Assignment: The lines from the start of the records through the one containing "Method and System" are to be restated word for word; please include both ends.
- - -
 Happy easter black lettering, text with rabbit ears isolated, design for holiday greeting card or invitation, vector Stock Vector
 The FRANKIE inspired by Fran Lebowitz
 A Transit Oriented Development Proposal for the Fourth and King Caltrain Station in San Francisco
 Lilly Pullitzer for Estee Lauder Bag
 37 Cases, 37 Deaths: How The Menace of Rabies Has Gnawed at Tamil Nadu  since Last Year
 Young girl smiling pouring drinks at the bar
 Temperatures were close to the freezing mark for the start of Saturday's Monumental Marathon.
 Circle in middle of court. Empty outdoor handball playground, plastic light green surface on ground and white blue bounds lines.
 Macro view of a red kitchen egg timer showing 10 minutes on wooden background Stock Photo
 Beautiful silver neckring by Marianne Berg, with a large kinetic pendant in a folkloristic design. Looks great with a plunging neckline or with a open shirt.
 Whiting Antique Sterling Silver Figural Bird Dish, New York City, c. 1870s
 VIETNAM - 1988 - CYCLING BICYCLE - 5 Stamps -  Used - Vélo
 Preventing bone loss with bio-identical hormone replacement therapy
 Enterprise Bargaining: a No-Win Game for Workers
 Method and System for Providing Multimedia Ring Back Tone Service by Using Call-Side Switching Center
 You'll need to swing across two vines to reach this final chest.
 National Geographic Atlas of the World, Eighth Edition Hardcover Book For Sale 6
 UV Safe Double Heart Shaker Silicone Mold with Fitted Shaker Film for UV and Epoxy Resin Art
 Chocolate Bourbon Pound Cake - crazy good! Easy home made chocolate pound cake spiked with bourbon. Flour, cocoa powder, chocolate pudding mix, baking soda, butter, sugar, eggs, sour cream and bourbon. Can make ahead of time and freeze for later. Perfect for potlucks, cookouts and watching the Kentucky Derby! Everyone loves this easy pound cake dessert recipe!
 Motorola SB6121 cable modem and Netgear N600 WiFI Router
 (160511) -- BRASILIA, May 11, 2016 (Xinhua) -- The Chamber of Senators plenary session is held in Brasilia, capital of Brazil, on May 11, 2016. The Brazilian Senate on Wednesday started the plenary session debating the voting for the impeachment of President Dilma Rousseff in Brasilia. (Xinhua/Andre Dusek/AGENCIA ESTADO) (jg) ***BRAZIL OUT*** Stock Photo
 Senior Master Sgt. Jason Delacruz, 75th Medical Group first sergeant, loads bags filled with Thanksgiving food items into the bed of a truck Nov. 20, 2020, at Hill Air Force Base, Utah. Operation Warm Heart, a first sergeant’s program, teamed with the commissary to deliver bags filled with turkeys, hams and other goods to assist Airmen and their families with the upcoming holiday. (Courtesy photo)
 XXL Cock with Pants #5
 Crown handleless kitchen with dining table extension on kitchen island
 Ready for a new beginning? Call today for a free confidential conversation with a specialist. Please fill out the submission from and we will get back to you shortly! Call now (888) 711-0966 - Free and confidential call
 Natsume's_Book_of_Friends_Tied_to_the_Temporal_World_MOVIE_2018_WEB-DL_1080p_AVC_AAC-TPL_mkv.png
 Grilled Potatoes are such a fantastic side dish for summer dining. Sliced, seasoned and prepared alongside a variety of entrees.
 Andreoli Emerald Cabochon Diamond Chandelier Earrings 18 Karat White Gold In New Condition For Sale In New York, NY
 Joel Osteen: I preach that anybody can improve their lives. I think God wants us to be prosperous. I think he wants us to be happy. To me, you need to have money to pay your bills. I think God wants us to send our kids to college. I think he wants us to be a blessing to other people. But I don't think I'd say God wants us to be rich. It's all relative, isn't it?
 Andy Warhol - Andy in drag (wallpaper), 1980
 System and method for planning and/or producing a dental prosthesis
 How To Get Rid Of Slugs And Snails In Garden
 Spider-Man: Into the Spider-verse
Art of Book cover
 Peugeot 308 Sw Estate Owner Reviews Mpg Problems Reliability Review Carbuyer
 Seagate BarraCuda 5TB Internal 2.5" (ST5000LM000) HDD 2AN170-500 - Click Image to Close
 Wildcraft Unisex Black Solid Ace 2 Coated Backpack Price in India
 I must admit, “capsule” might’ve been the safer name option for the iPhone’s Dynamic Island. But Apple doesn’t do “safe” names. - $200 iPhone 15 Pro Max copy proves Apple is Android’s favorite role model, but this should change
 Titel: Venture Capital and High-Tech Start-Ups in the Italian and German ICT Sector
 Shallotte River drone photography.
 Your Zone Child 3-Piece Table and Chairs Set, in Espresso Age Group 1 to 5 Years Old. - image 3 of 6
- - -
Answer to this problem:
 Happy easter black lettering, text with rabbit ears isolated, design for holiday greeting card or invitation, vector Stock Vector
 The FRANKIE inspired by Fran Lebowitz
 A Transit Oriented Development Proposal for the Fourth and King Caltrain Station in San Francisco
 Lilly Pullitzer for Estee Lauder Bag
 37 Cases, 37 Deaths: How The Menace of Rabies Has Gnawed at Tamil Nadu  since Last Year
 Young girl smiling pouring drinks at the bar
 Temperatures were close to the freezing mark for the start of Saturday's Monumental Marathon.
 Circle in middle of court. Empty outdoor handball playground, plastic light green surface on ground and white blue bounds lines.
 Macro view of a red kitchen egg timer showing 10 minutes on wooden background Stock Photo
 Beautiful silver neckring by Marianne Berg, with a large kinetic pendant in a folkloristic design. Looks great with a plunging neckline or with a open shirt.
 Whiting Antique Sterling Silver Figural Bird Dish, New York City, c. 1870s
 VIETNAM - 1988 - CYCLING BICYCLE - 5 Stamps -  Used - Vélo
 Preventing bone loss with bio-identical hormone replacement therapy
 Enterprise Bargaining: a No-Win Game for Workers
 Method and System for Providing Multimedia Ring Back Tone Service by Using Call-Side Switching Center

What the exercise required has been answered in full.